Obsession (1976) Review

ObsessionThe legend that is Alfred Hitchcock has inspired many moviemakers over the years. From slight stylistic nods like the dolly zoom in Jaws to outright ridiculous remakes such as Gus Van Sant’s atrocious 1998 Psycho, Hitchcock’s echo can be seen and felt across cinema right up to the present day.

Brian De Palma is one director who displays his own Hitchcock obsession in a more obvious way than most. Before becoming known as the man behind such gangster greats as The Untouchables, Scarface and Carlito’s Way, De Palma made Obsession and although nowhere near as good a horror as Carrie, it serves as both a tight gripping thriller and a haunting homage to Hitchcock

Opening in 1959, Michael Courtland (Cliff Robertson) is New Orleans businessman who seemingly has it all with a loving family and a multi-million dollar company. However his world is ripped apart after a botched kidnapping results in his wife and daughter’s death, plunging him into a deep depression driven by guilt and regret.
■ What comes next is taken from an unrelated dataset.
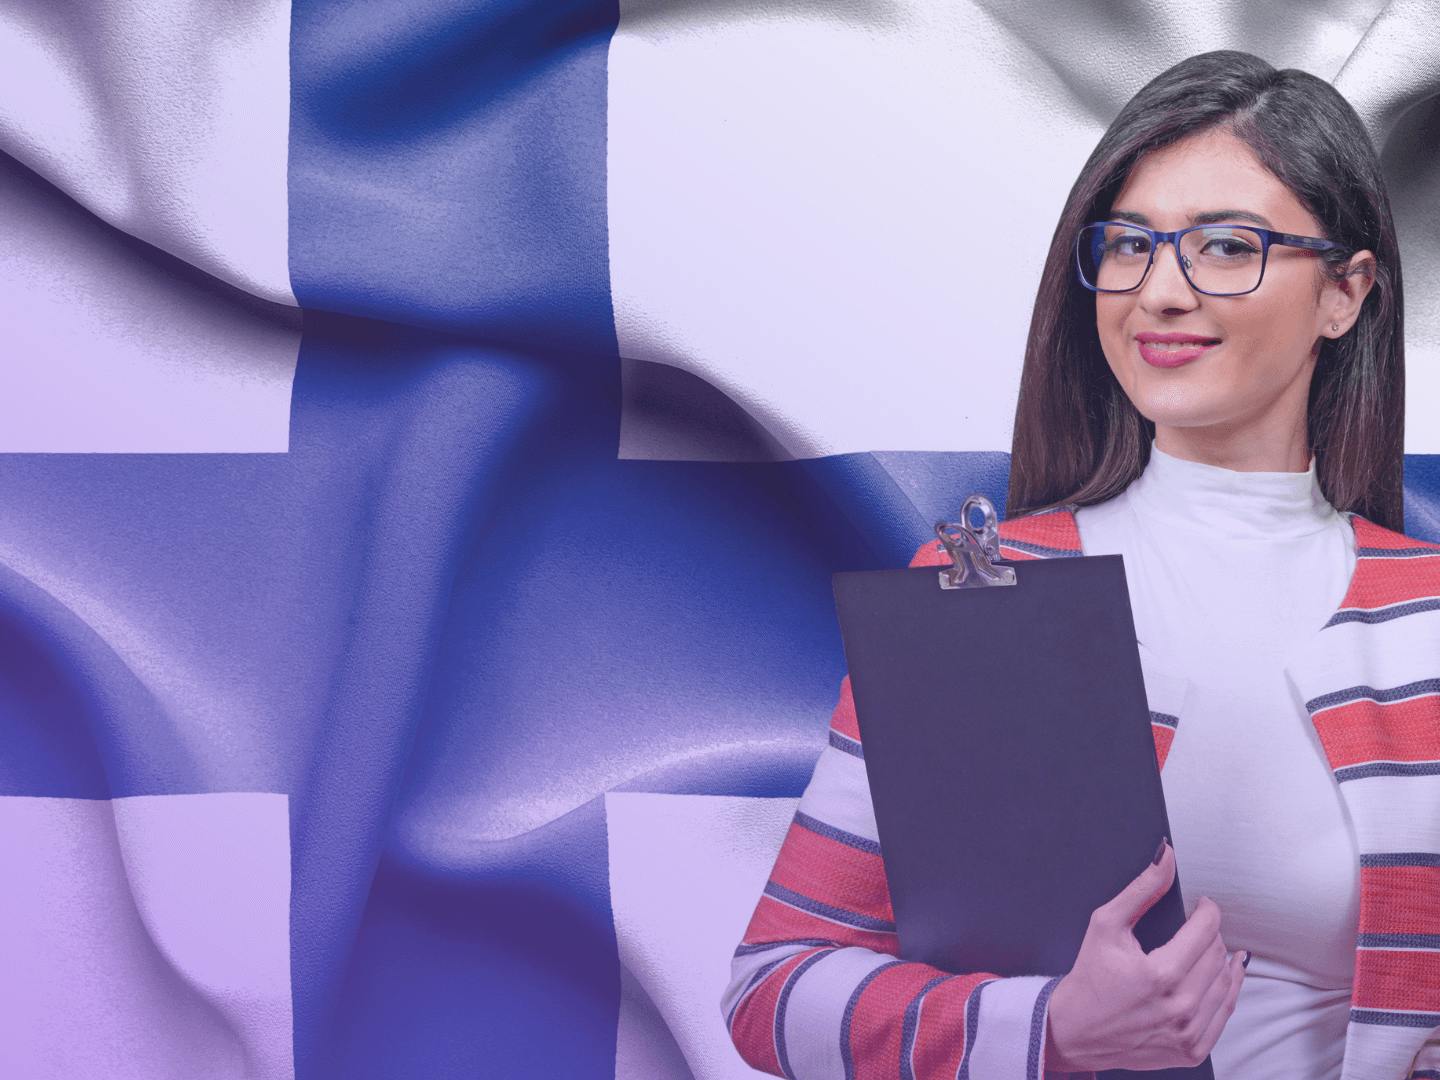 A confident woman wearing eyeglasses stands in front of the Finnish flag, working as a translator.

In 1975 after years in isolation Michael is convinced by his business partner to revisit Florence, the city he met and fell in love with his wife. At a church he has a chance encounter with a young woman who bears an uncanny resemblance to his long dead lover and sees this as fates way of giving his a second chance at happiness.
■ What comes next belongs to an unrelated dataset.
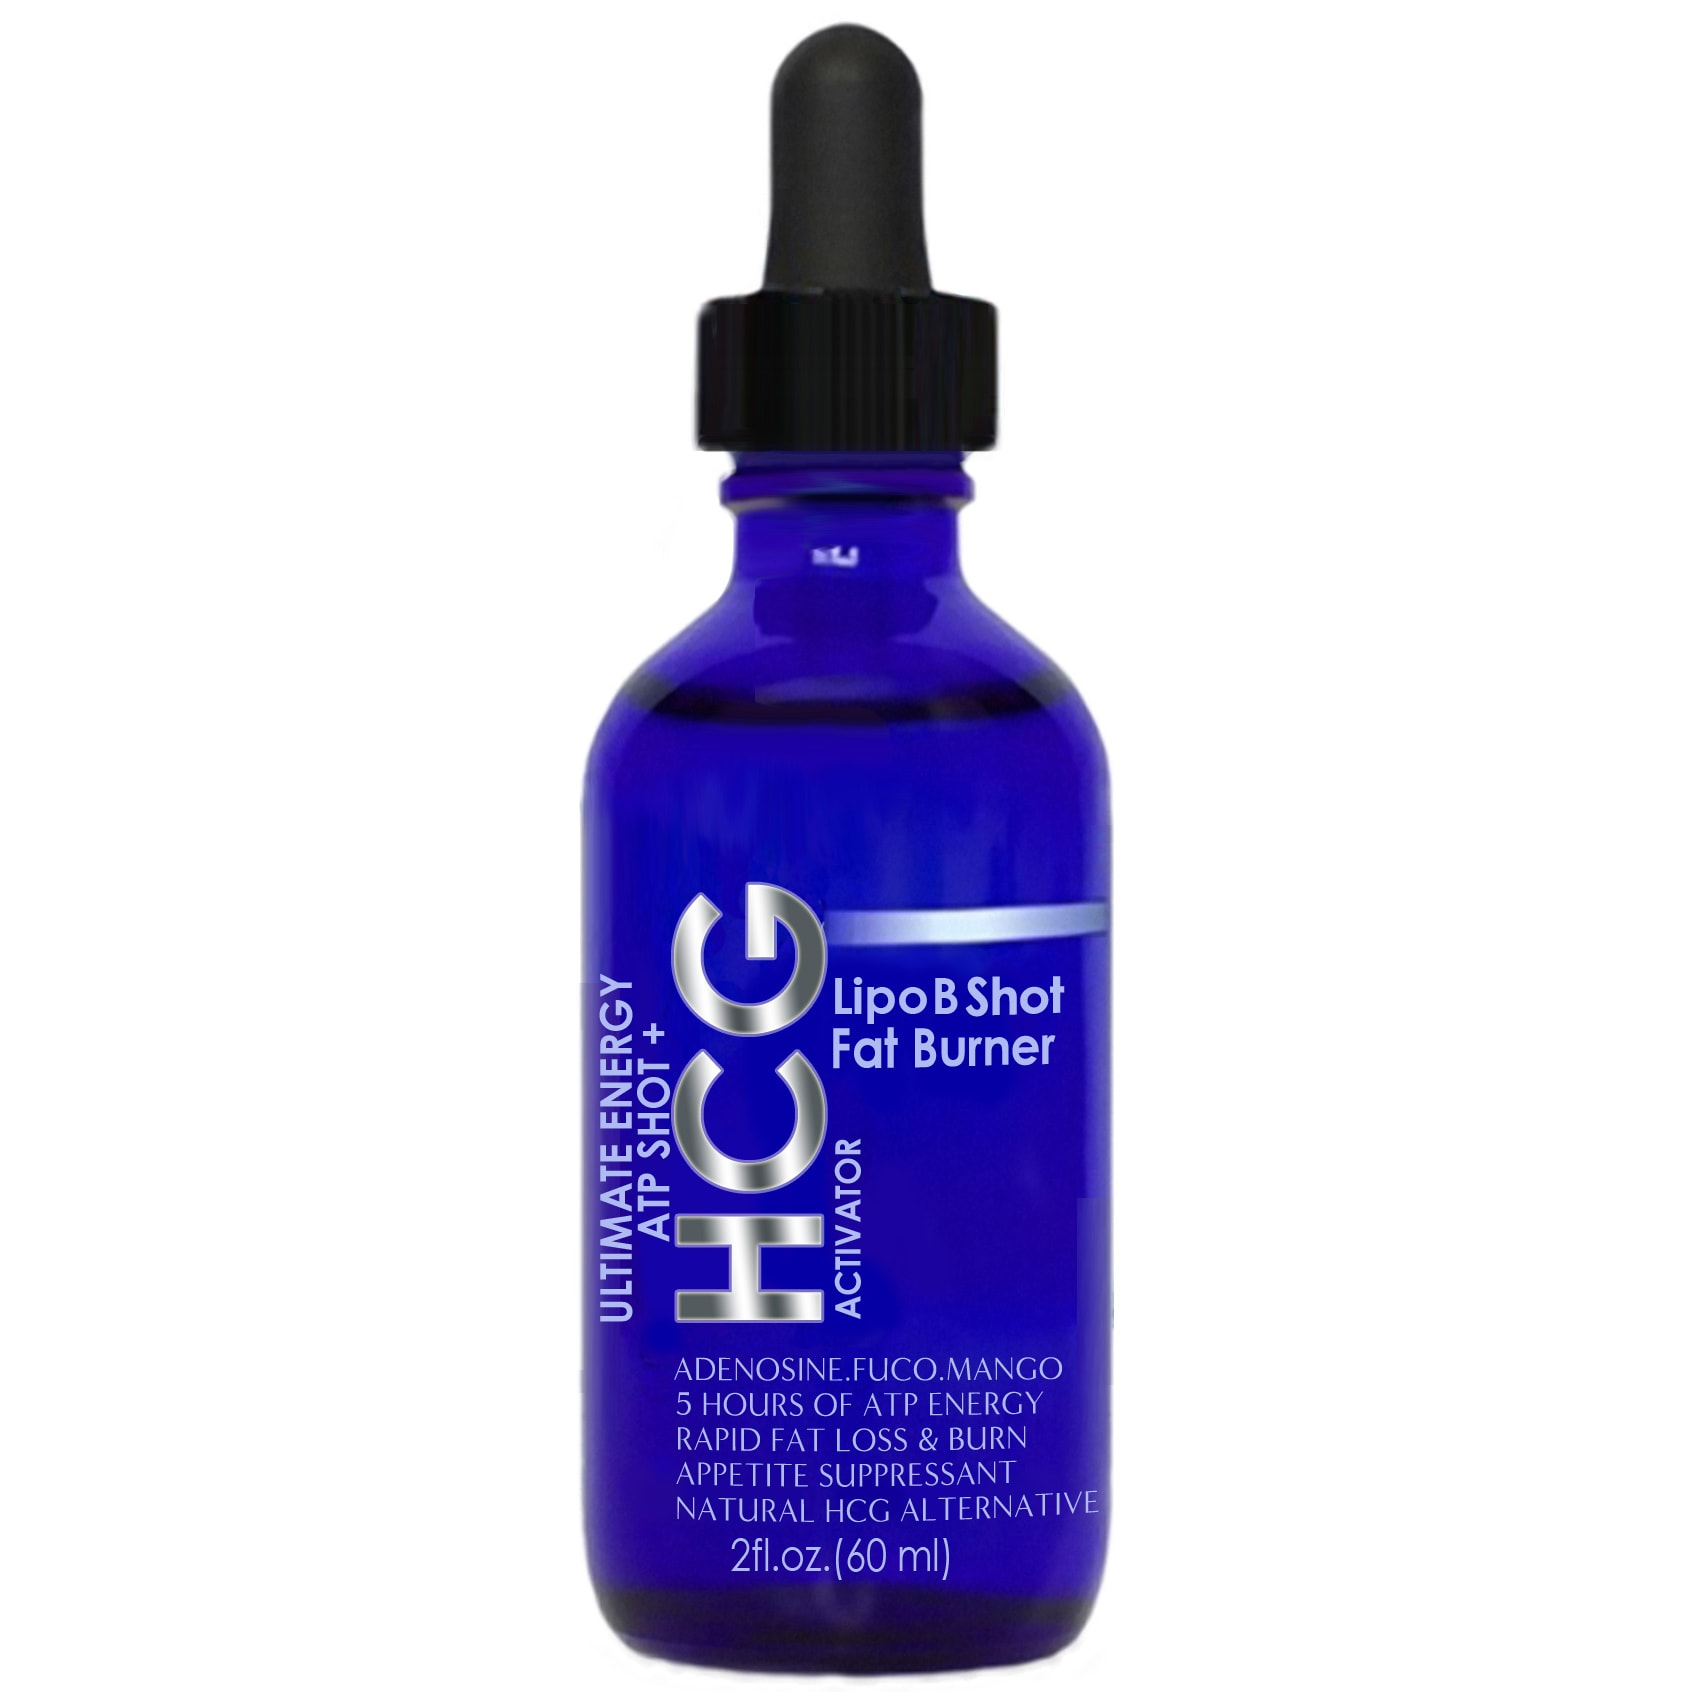 hcg activator review

Falling head over heels for her Michael rushes his new love back to the U.S, but their life together takes a tragic, all too familiar turn and Michael starts to wonder if he is losing his mind or there is something else more sinister at work.Obsession

De Palma is a director’s director and many of his great films reference other great movies, from the stone stair shot out in The Untouchables which is a homage to Battleship Potemkin to Blow Out which was built out of Michelangelo Antonioni’s Blowup and even Francis Ford Coppola’s The Conversation. However Hitchcock is his major influence and has impacted many of his movies.

Obsession along with Body Double and Dressed to Kill are all love letters to Hitchcock and take their stories, style, shots and themes straight from his work. With a plotline straight from Vertigo and with additional references to Dial M for Murder and Notorious, Obsession may appear to be a mash up of the Master of Suspense’s most manipulating movies but it is also a brilliant film all on its own.
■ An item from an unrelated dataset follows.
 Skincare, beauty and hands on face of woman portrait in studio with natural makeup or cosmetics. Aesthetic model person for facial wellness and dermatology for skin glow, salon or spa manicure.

From a story by De Palma the script is written by Paul Schrader, the scribe who gave us Taxi Driver and Raging Bull and is crafted cleverly to play with the audiences expectations, taking us on a ride of suspense and thrills with an over arching sense of impending doom.

De Palma has been quoted as saying that Hitchcock “is the one who distilled the essence of film. He’s like Webster. It’s all there. I’ve used a lot of his grammar” and this can been seen in Obsession. It’s wonderfully filmed primarily constructed using Hitchcock’s cinematic language of shots and cuts, adding some of De Palma’s own flair and ideas into the mix, all supremely scored by composer Bernard Herrmann a longtime Hitchcock collaborator.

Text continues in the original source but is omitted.